Activity: The reply should hold only the lines from the one with "Eingemälde Einer Native" to the one with "Fotomontaż. W tle", both ends kept, exactly as they appear below, without any pictures.

Dataset records:

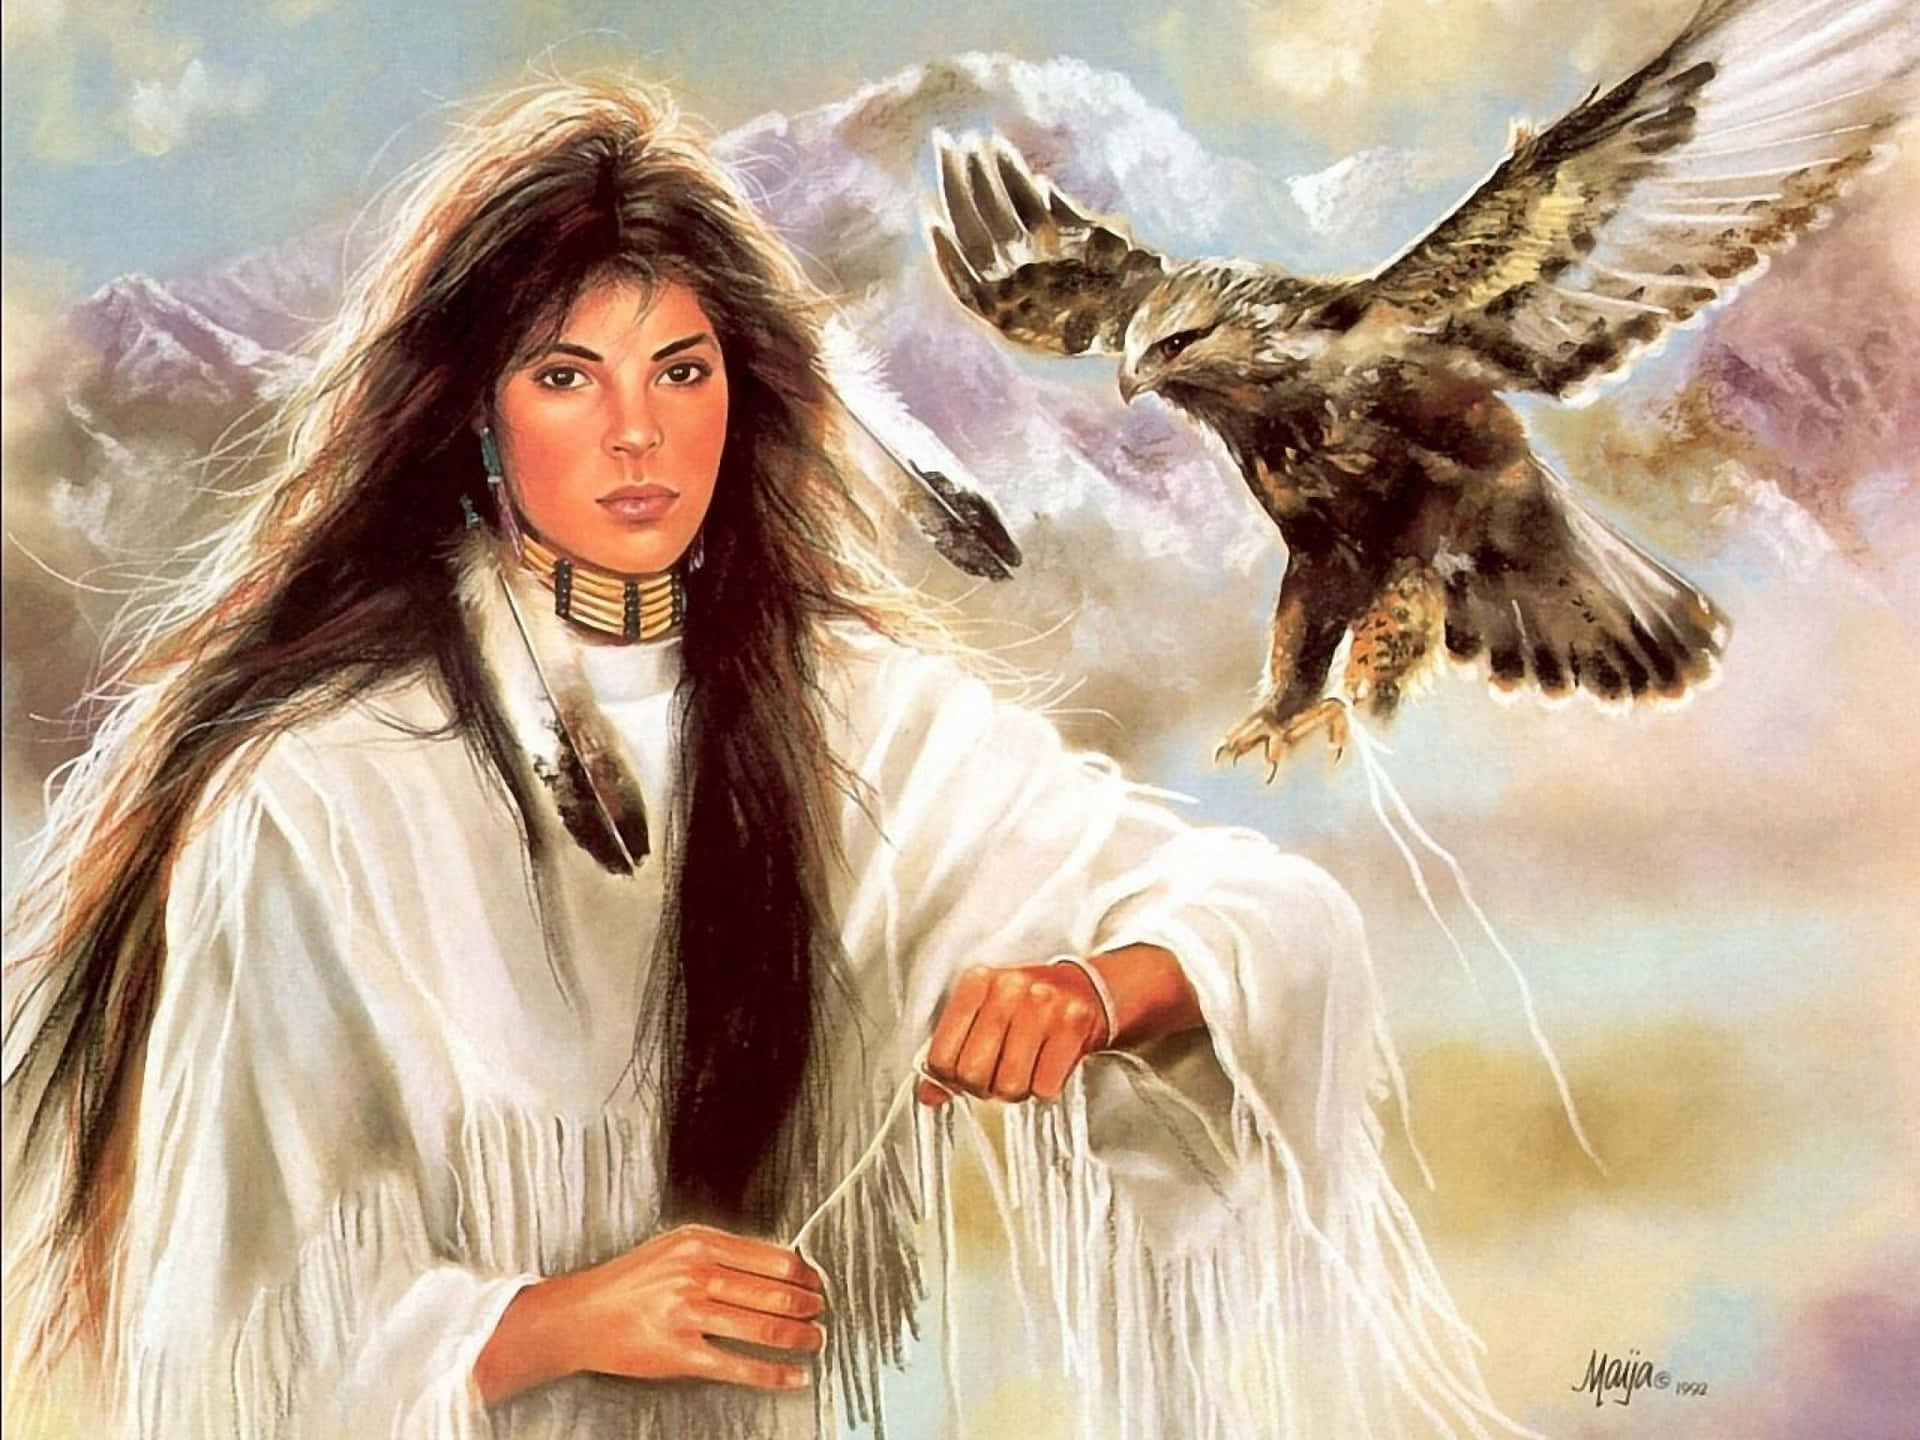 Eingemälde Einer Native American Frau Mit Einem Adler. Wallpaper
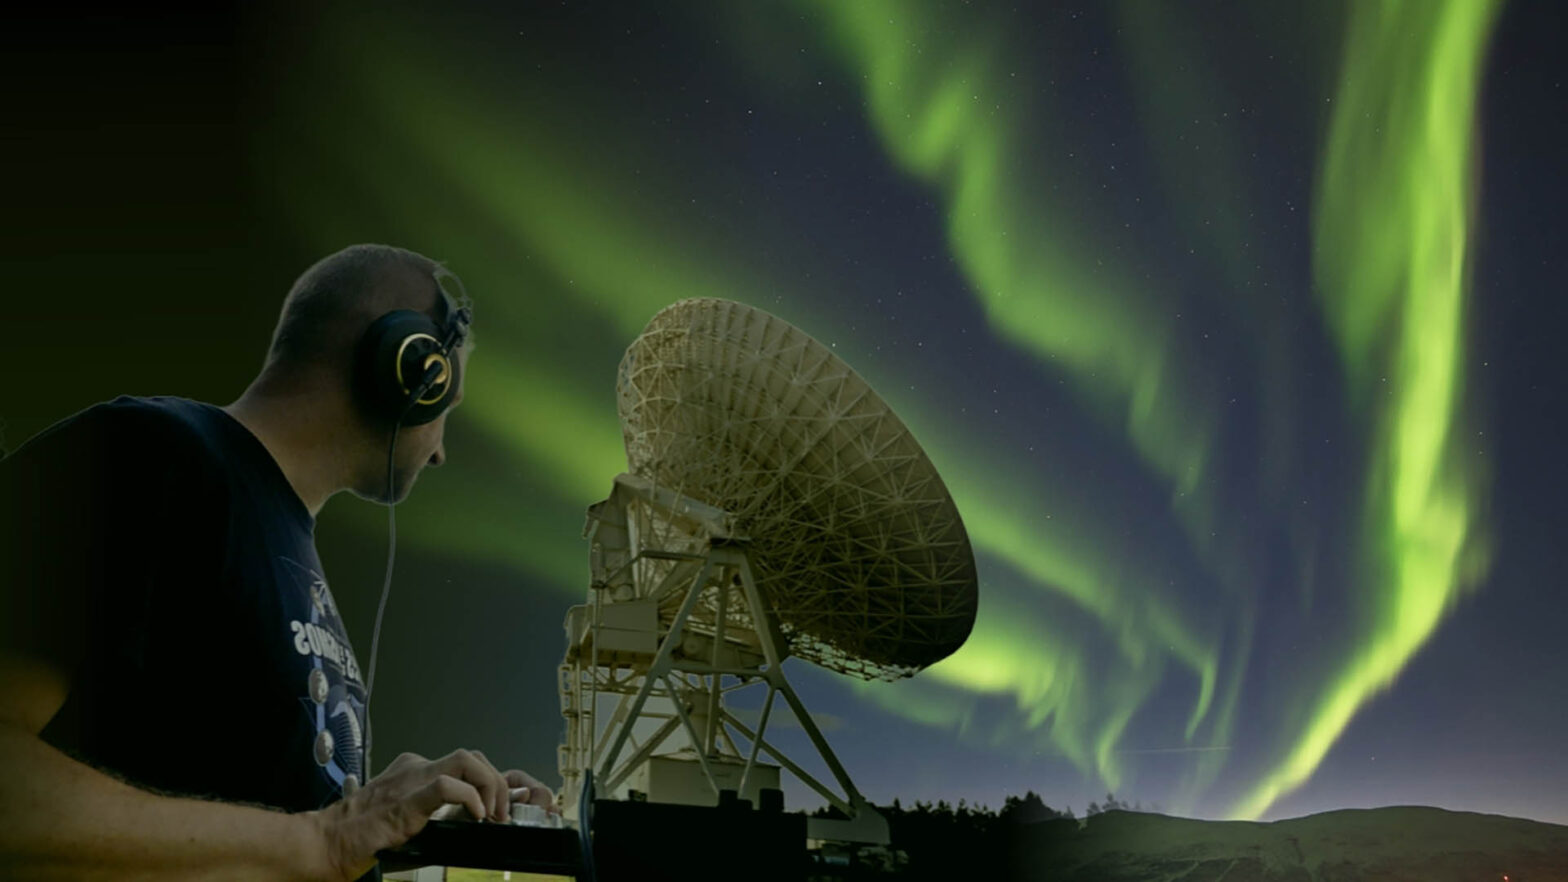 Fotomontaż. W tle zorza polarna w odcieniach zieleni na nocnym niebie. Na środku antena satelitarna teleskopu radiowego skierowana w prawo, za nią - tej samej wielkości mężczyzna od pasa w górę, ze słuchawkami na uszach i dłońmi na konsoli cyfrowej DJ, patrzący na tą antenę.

==

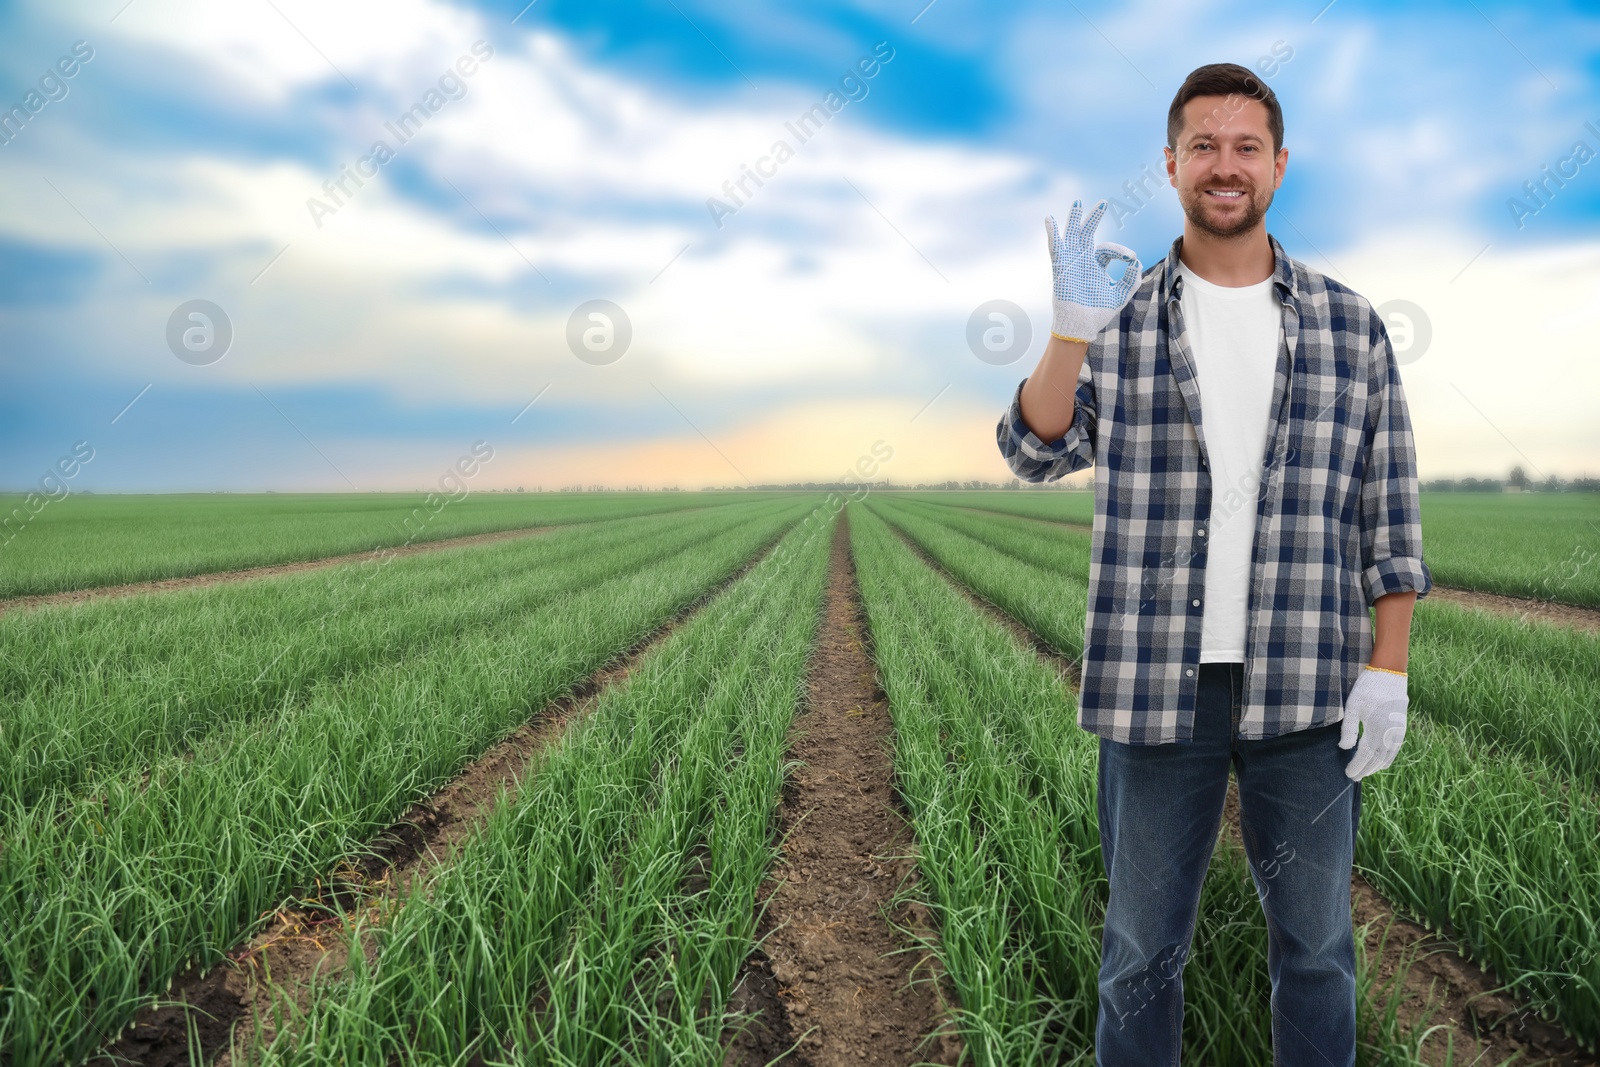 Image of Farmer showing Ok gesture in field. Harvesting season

Solution to this task:
 Eingemälde Einer Native American Frau Mit Einem Adler. Wallpaper
 Fotomontaż. W tle zorza polarna w odcieniach zieleni na nocnym niebie. Na środku antena satelitarna teleskopu radiowego skierowana w prawo, za nią - tej samej wielkości mężczyzna od pasa w górę, ze słuchawkami na uszach i dłońmi na konsoli cyfrowej DJ, patrzący na tą antenę.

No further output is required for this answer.